▶ Work request
Among the entries below, find the line with "Schoko Bananen raspberry" and the line with "Moraine Lake wedding photos - Image 19". Return exactly those lines and every line between them, but no pictures.

▶ Available data
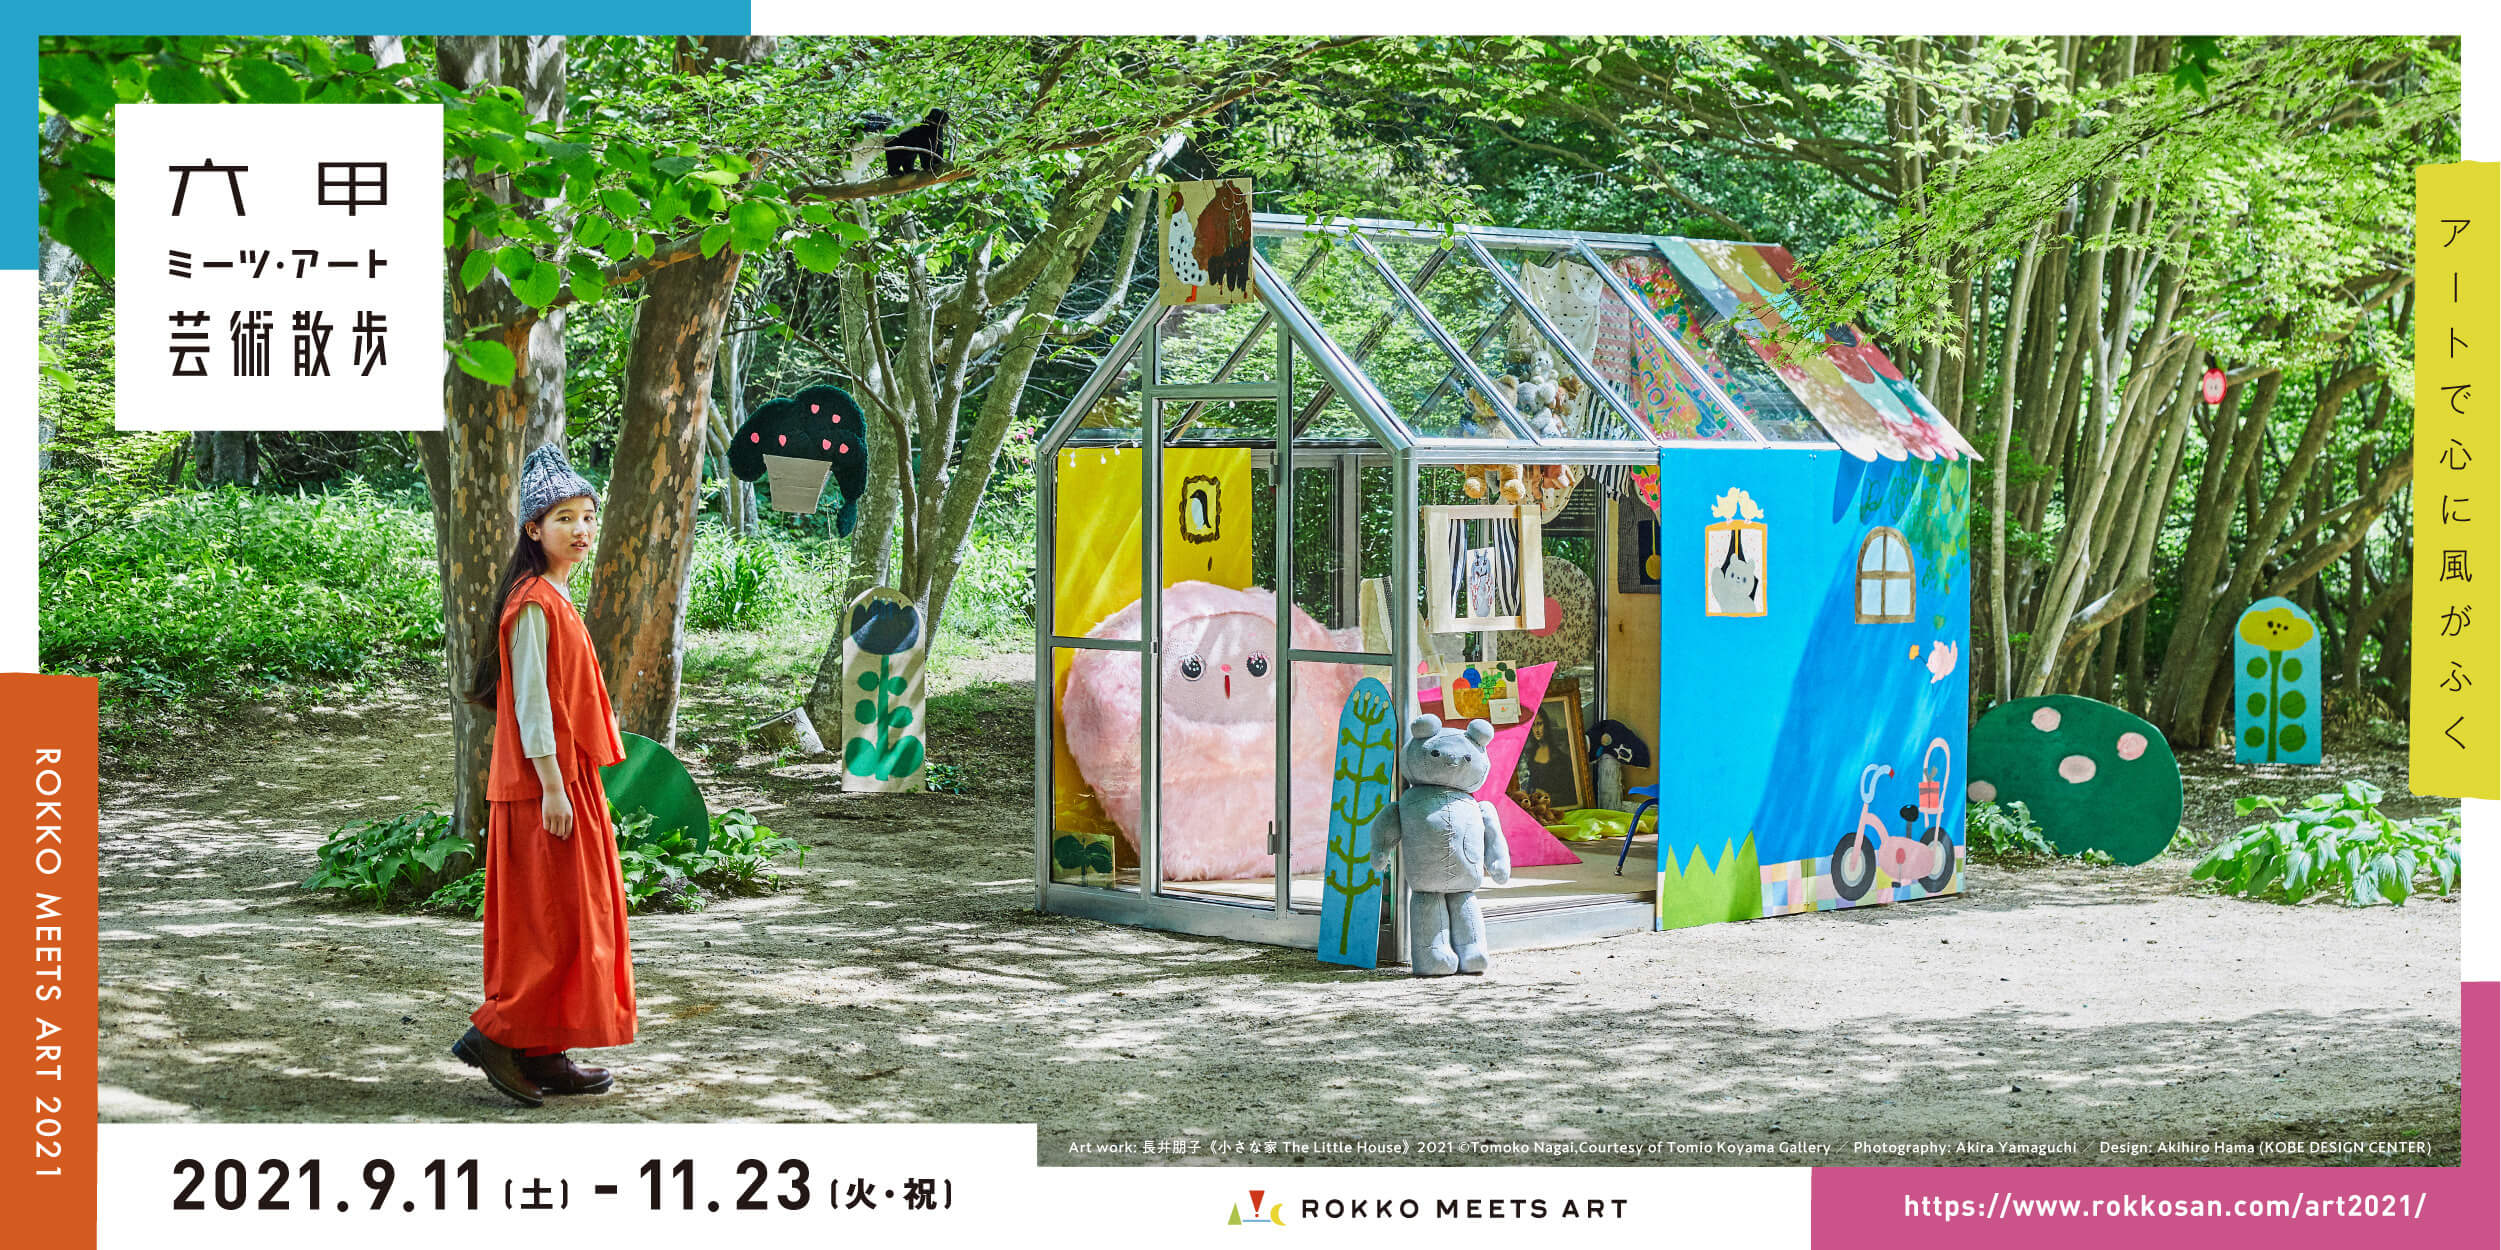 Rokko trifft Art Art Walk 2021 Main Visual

---

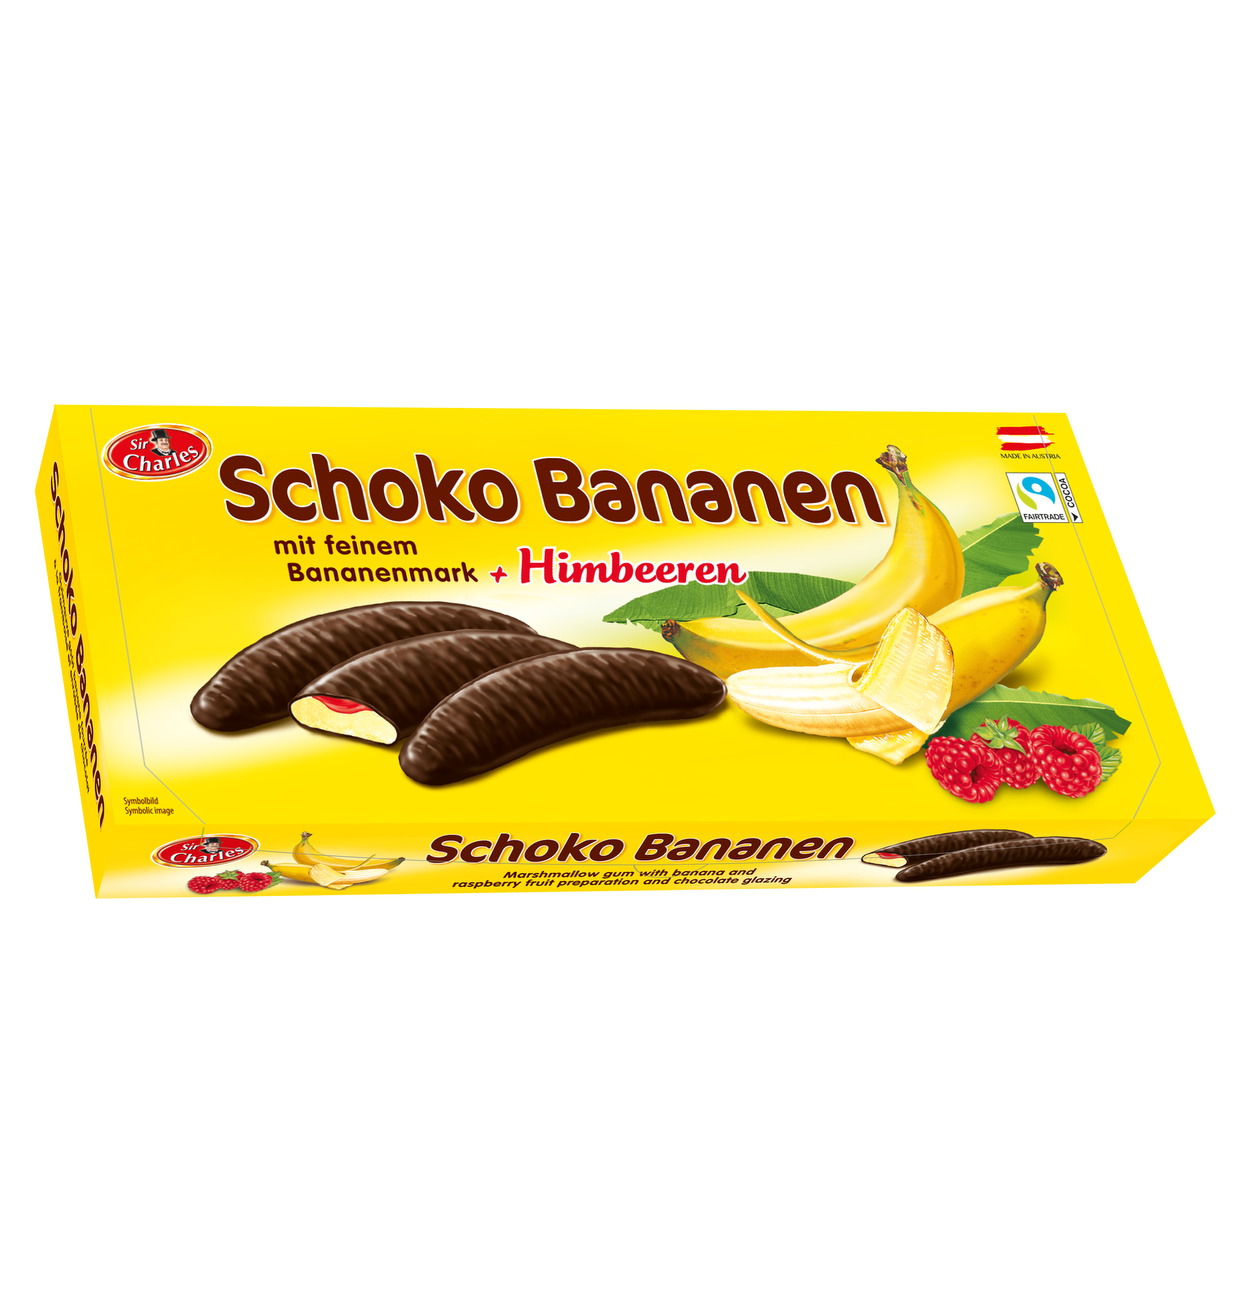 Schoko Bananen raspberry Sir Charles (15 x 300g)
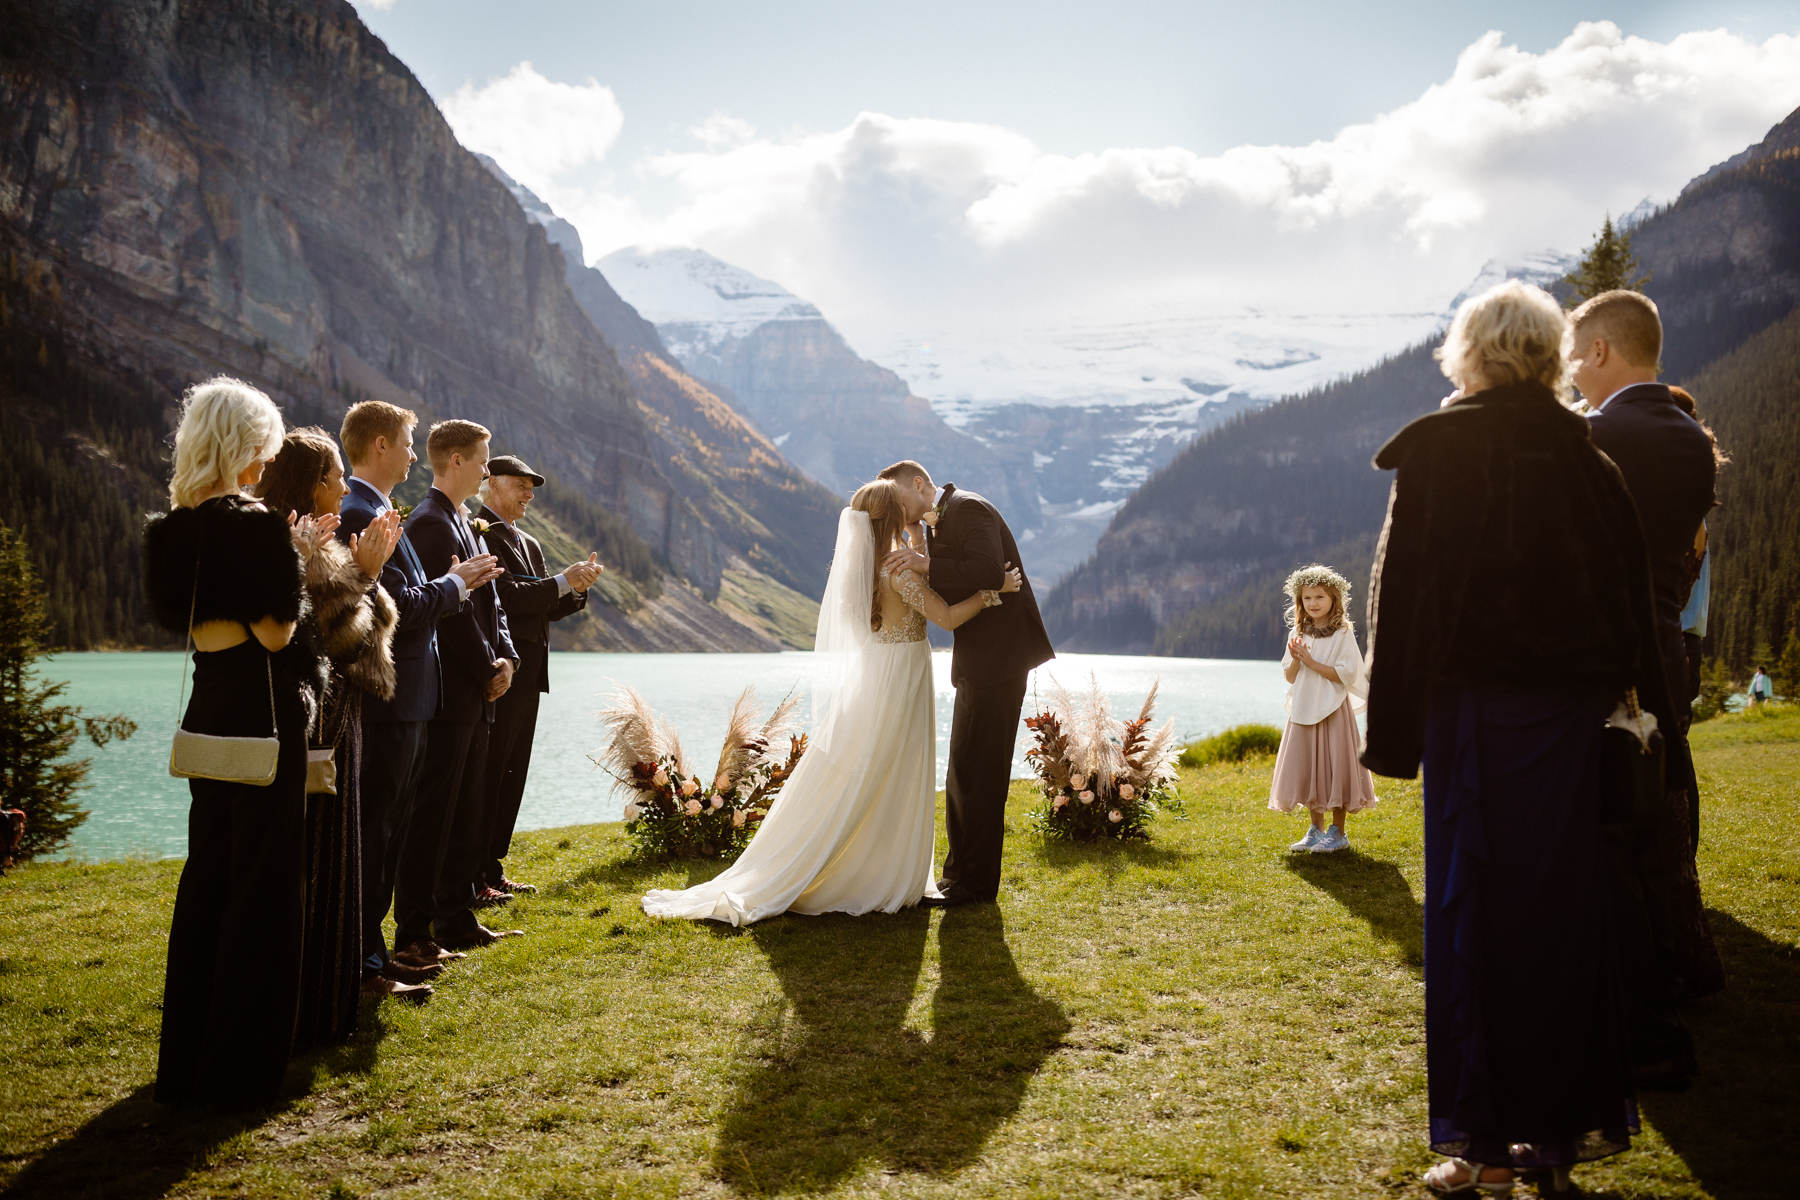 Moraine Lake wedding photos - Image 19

▶ The completed task
 Schoko Bananen raspberry Sir Charles (15 x 300g)
 Moraine Lake wedding photos - Image 19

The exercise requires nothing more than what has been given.